Alessandrini’s actors, thankfully, embody that energy. Ani Djirdjirian (credited as playing the “Leading Ladies”) astonishes with her dynamic range in both appearance and imitations from her sardonic performance as a single Schuyler sister (she speaks for the other two sisters, who are hand puppets of diminishing importance) to a dilapidated Barbra Streisand announcing Tony nominees (“Hamilton, Hamilton, Yentl, and Hamilton”). Djirdjirian glides through her quick-witted, fast-paced lines in a show where, like Hamilton, the only job of a Schuyler actress is to “sing on pitch” she says, in a total monotone.

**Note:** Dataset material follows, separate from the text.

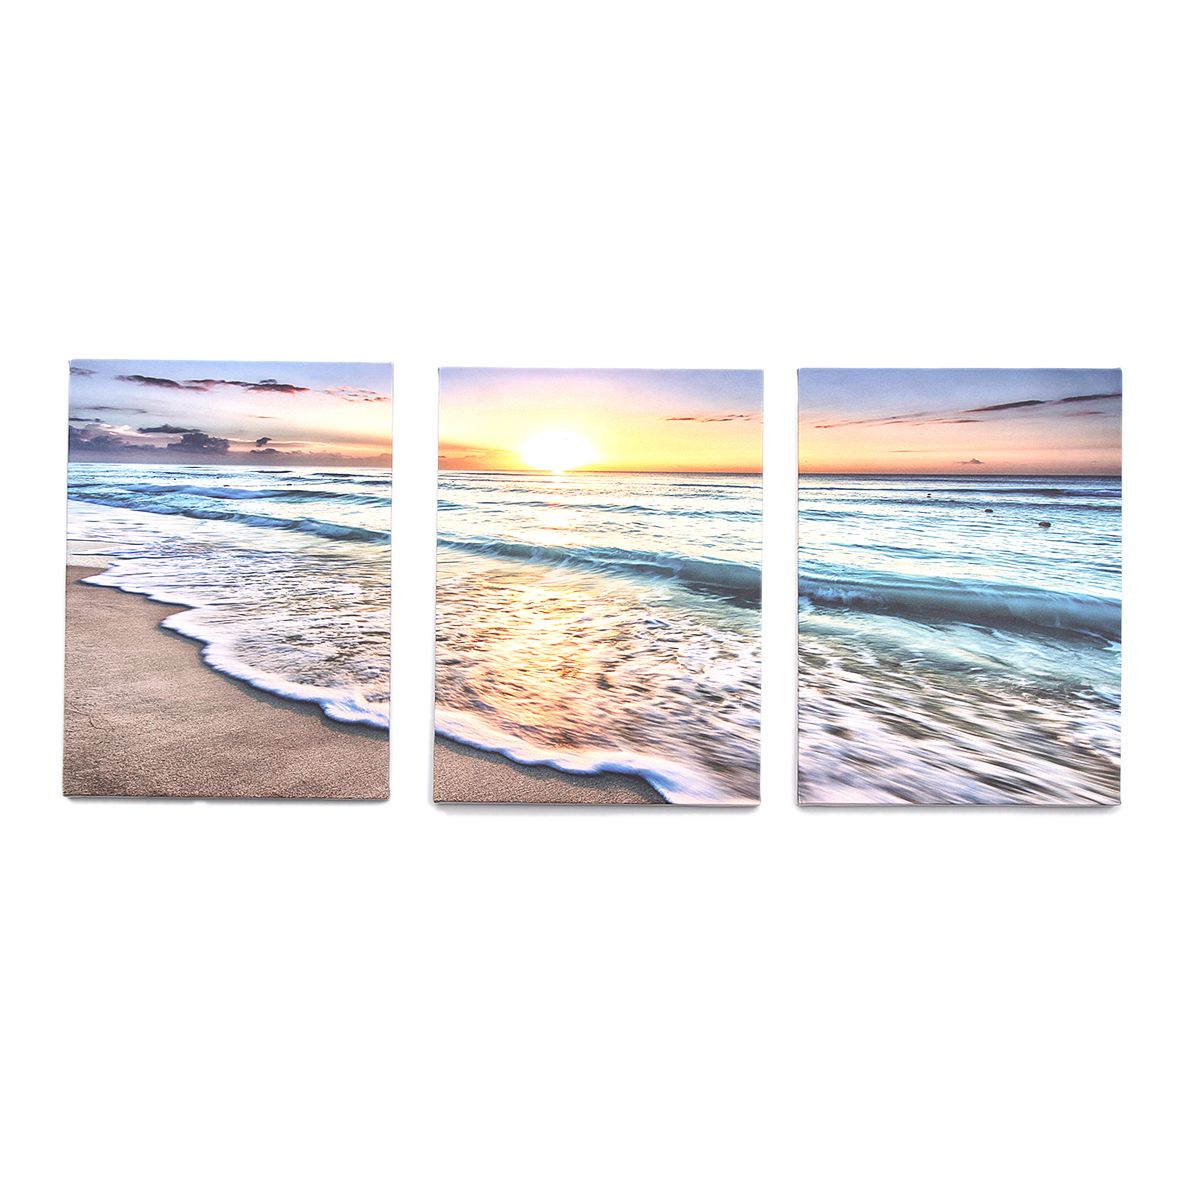 3 Panels Wall Art Canvas, Beach Sunset Sand Ocean Sea Wave Throughout Recent Wave Wall Art (View 15 of 20)

Djirdjirian is joined by Dominic Pecikonis as Daveed Diggs (and others), who’s far more than double-cast as Marquis de Lafayette and Thomas Jefferson, alluding to what Alessandrini paints as a confusing decision by Miranda to cast the actor in two different roles in Hamilton. Datus Puryear commands the show as Leslie Odom Jr., who played Aaron Burr in Hamilton’s original run, and as someone who can’t quite decide whether he’s jealous of Miranda’s success, or is the only adult in a room full of tomcats.

A daily double-level knowledge of American theatre, Hamilton, and Miranda himself will certainly aid in keeping the frequent one-liners and references from rapping past you. But like the cast, you’ll be rewarded for feeling “in” with the crowd and Alessandrini’s critiques. Following “The Film When it Happens”—a take on one of Hamilton’s best-known numbers “The Room Where it Happens”—the cast is visibly exhausted from the dance-heavy bit and the layered, mile-a-minute rap.

With accomplished grins they proudly announce in unison: “When the show’s over, my voice is, shot!”